On injecte 0,5 à 0,9 cc d'une solution d'Omnipaque' diluée à 50 %, ce qui permet de suivre le gonflement
progressif du ballonnet dans le cavum (fig. 4b). L’aspect typique piriforme du ballonnet indique un début de
protrusion vers la fosse postérieure et signe son positionnement correct. Le gonflement est maintenu quatre
minutes. Une rupture du ballonnet est toujours possible.
DISCUSSION DES RÉSULTATS
Nous avons retrouvé 603 cas publiés, avec un seul décès rapporté dû à une hémorragie sous-arachnidienne
(Spaziante, 1988).Plus de 95 % des patients ont eu un soulagement immédiat (9-14).
L'examen clinique confirme constamment une hypoesthésie tactile dans le territoire des trois branches avec
conservation du réflexe cornéen. Un inconfort temporaire à la mastication est la conséquence du trajet percutané
et de la parésie du masséter ipsilatéral par compression des fibres motrices. Quelques paresthésies sont signalées
et moins de 15 % de dysesthésies non invalidantes. On ne retrouve pas d'anesthésie douloureuse (trijumeau fantôme) de traitement difficile. L’amélioration permet le plus souvent une réduction médicamenteuse progressive en
trois a six mois.
Les récidives peuvent bénéficier d'un traitement médical de complément ou d'une répétition de la procédure, car
elle est très bien tolérée par les patients.
Dans plus de 80 % des cas, les résultats sont conservés à cinq ans et sont donc comparables, voire supérieurs, à
ceux de Sweet et Jannetta. L’hypoesthésie discrète mais durable semble le témoin de l'efficacité thérapeutique.
Malgré un recul encore insuffisant,notre série (fig. 6) retrouve des résultats similaires favorables. Le seul échec
rapide (cas 1 et 4 du tableau) malgré deux compressions, était une névralgie postchirurgie sinusienne.
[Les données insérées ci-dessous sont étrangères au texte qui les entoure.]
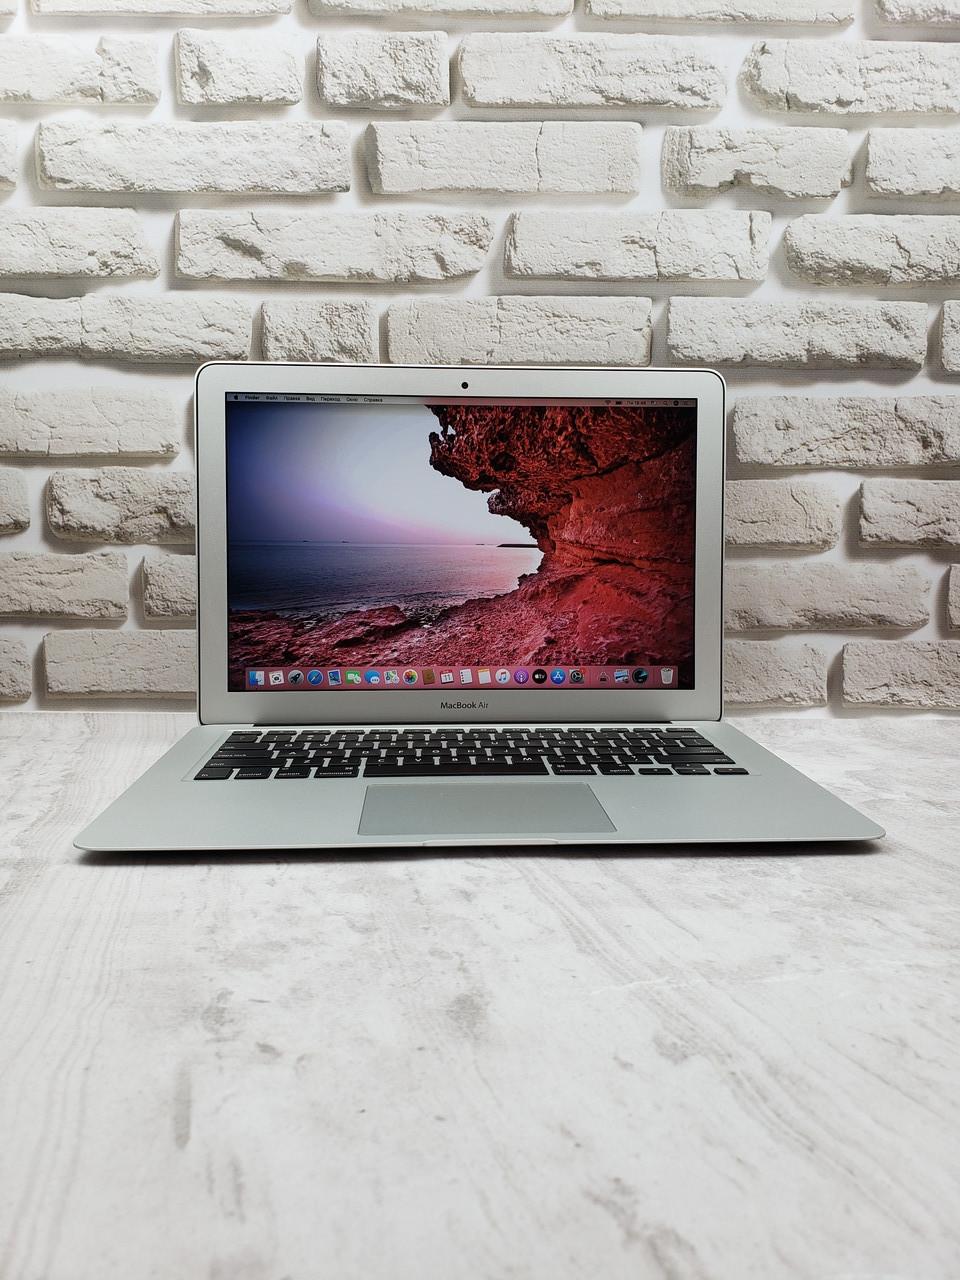 MacBook Air 13,3'' Mid 2015 i5 MJVE2 8Gb 256Gb SSD  Магазин Гарантия
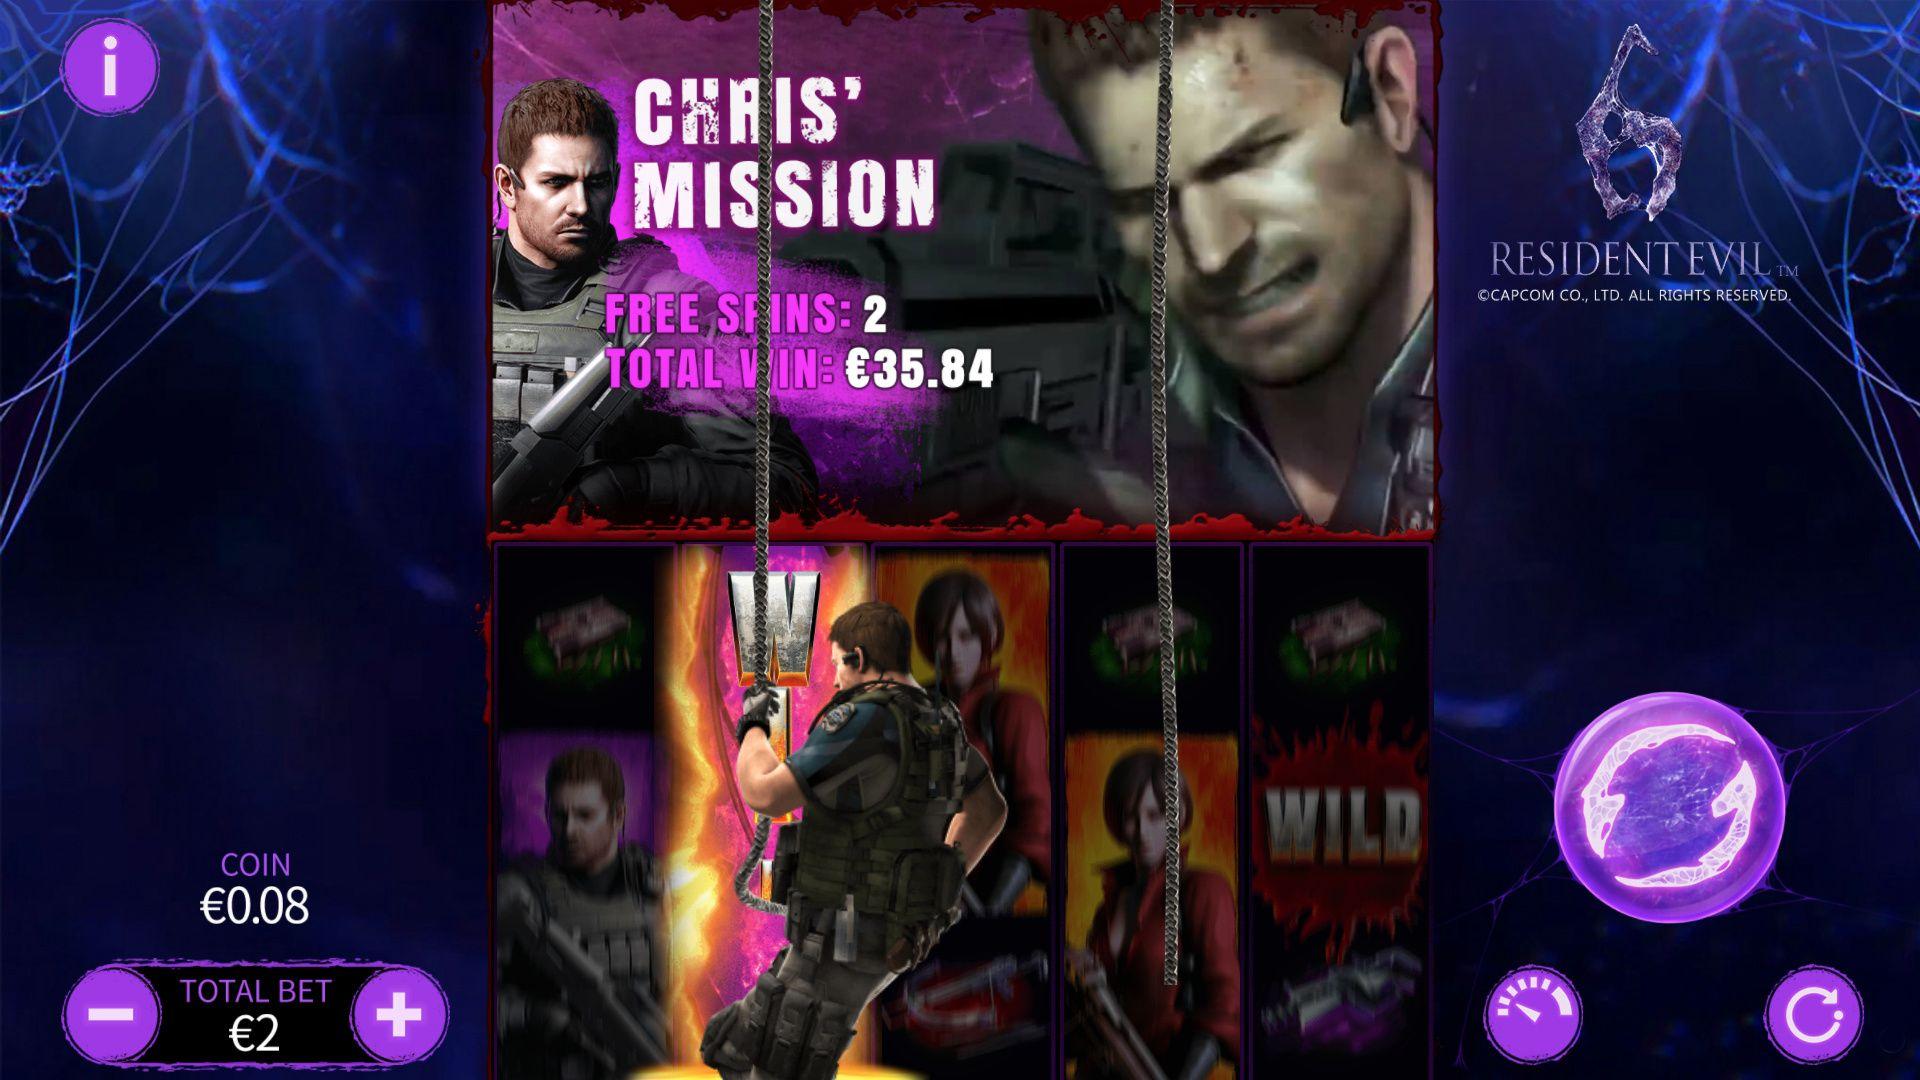 Chris's Mission: Rappel Expanding Wilds

Les avantages de la microcompression sont multiples : facile et rapide sans matériel sophistiqué, peu de
complications, une brève hospitalisation, une excellente tolérance par le patient et une persistance des bons
résultats à moyen et long terme. Elle constitue pour nous un premier choix en cas d'échec du traitement médical,
en particulier chez les patients âgés, peu ou non collaborants, spécialement en cas de douleurs de la branche
ophtalmique, dans les cas symptomatiques de la sclérose en plaque, les névralgies bilatérales et l'échec des
autres techniques chirurgicales. Les névralgies posttraumatiques des branches périphériques ne semblent pas être
une bonne indication.
D'un point de vue financier, la courte hospitalisation, l'absence de complications, l'arrêt médicamenteux fréquent
et le faible coût de l'acte chirurgical sont aussi à prendre en considération.
CONCLUSION
Nous pensons qu'il s'agit d'une alternative chirurgicale intéressante à connaître et simple à réaliser, certainement
à développer (2). Il faut toujours considérer chez les patients jeunes l'intérêt d'une microdécompression
vasculaire en fonction du bilan d'imagerie et sachant peser le faible pourcentage de mortalité-morbidité (< 2 %)
en regard du risque dysesthésique de la technique percutanée. L’avenir viendra peut-être des recherches
actuelles sur la stimulation du système trigéminal.